Concise Magic File Names

I'm glad to see this being clarified and formalized. Overall, I think this is the right direction to go—you rightly point out that we don't need a large number of knobs to fine-tune this feature.

I feel like the lede is buried a bit in the write-up regarding the description of the current (and proposed renamed) behavior; the initial sections of the pitch say:

Where a reader could interpret "full path to the [...] file" as meaning the absolute path, rather than "the path exactly as written in the swiftc invocation", which isn't clarified until much later in "Alternatives Considered".

In practice #file ends up frequently being the absolute path because that's what Xcode passes to the compiler, but Bazel is an example of a build system that passes paths that are relative to the workspace root (which is the CWD of invoked actions) and thus yields #file strings that match. So I think it would be helpful to clarify the "path exactly as written in the swiftc invocation" part up front.

The motivation cited in this section feels a bit inaccurate. #filePath on its own, if implemented as described here (i.e., as currently implemented), isn't necessarily incompatible with distributed build systems, as long as the build system does the right thing. Using Bazel again as an example, a remote execution environment might use different absolute paths to the workspace on each machine (for example, incorporating a hash or unique job ID), so a distributed build of a multi-module Swift project might have absolute paths that look like this:

machine 1: /build/01234567/username/workspaceroot/path/to/module1/SomeClass.swift
machine 2: /build/abcdef01/username/workspaceroot/path/to/module2/SomeStruct.swift
machine 3: /build/0badbeef/username/workspaceroot/path/to/module3/SomeEnum.swift

Since Bazel will use everything up through .../workspaceroot as the CWD for swiftc, the Swift build rules only pass path/to/module1/SomeClass.swift, path/to/module2/SomeStruct.swift, etc. to the compiler (in fact, Bazel doesn't even provide a way to get the full absolute paths when constructing those invocations). Therefore, #filePath strings would still be distributed-build-compatible because they don't encode any information about the world outside of the workspace.
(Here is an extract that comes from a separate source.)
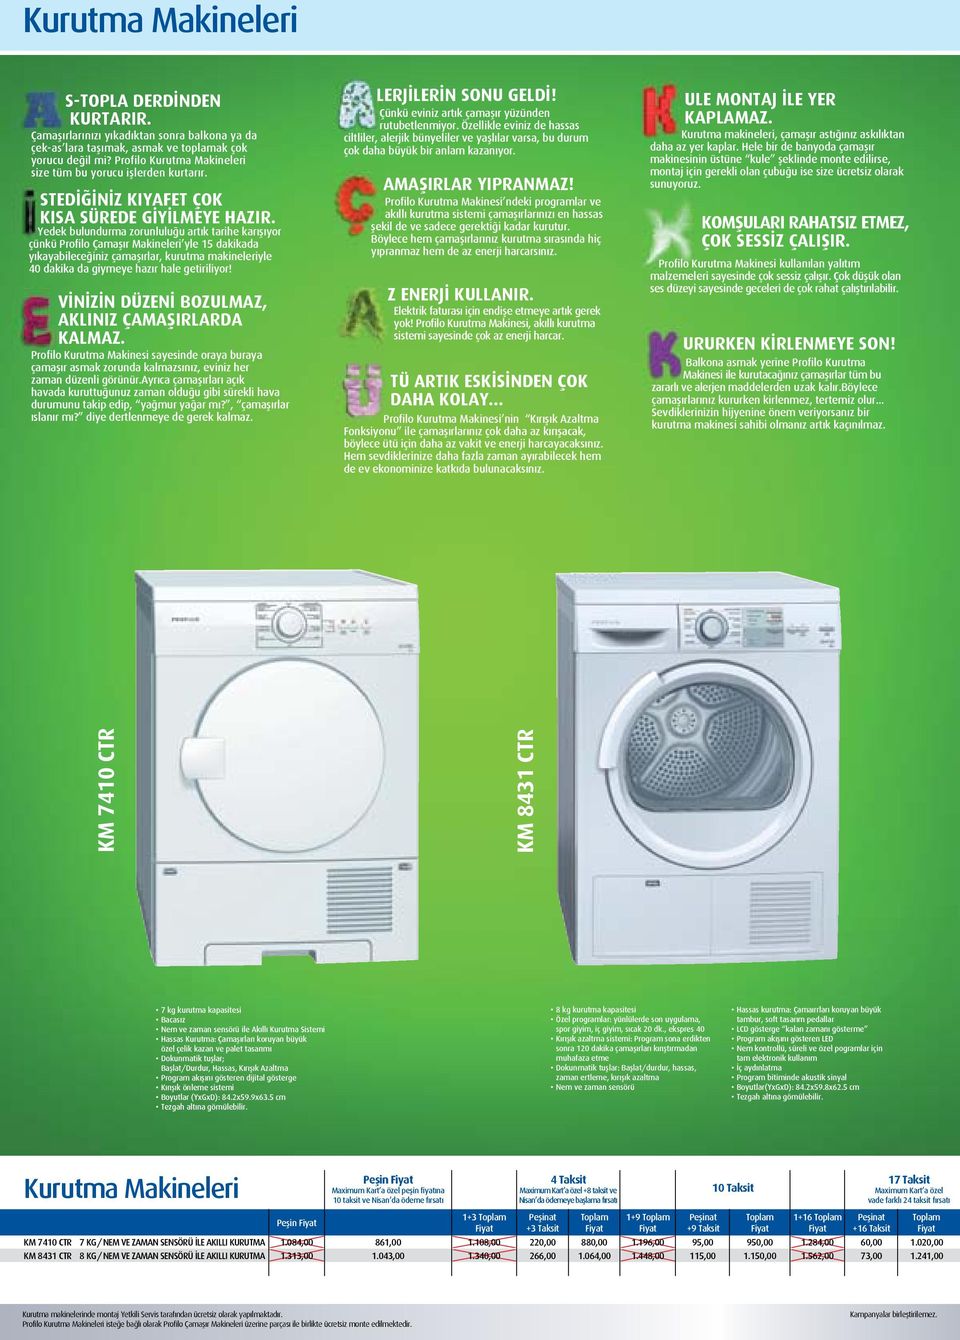 Yedek bulundurma zorunluluğu artık tarihe karışıyor çünkü Profilo Çamaşır Makineleri yle 15 dakikada yıkayabileceğiniz çamaşırlar, kurutma makineleriyle 40 dakika da giymeye hazır hale getiriliyor!

However, purely as a security measure, I think it's reasonable that someone would want to disable #filePath in certain builds to avoid leaking details about their source directory layout in strings that ship with their binary.

This would be harmful for creating hermetic, reproducible builds. Surfacing absolute paths in user-visible ways when they weren't originally absolute breaks those guarantees and has historically required the addition of more flags to "fix" the problem, like -fdebug-prefix-map in Clang and -debug-prefix-map in Swift to strip path prefixes off of paths encoded in debug info.

If the Swift team wanted to always resolve the absolute paths regardless of how they were passed to the compiler, they would need to honor -debug-prefix-map, -working-directory, or some new flag to make those builds produce consistent strings on distributed systems where the workspace may not always be at the same file system location. In this case, it's best to simply avoid the problem by not introducing it in the first place.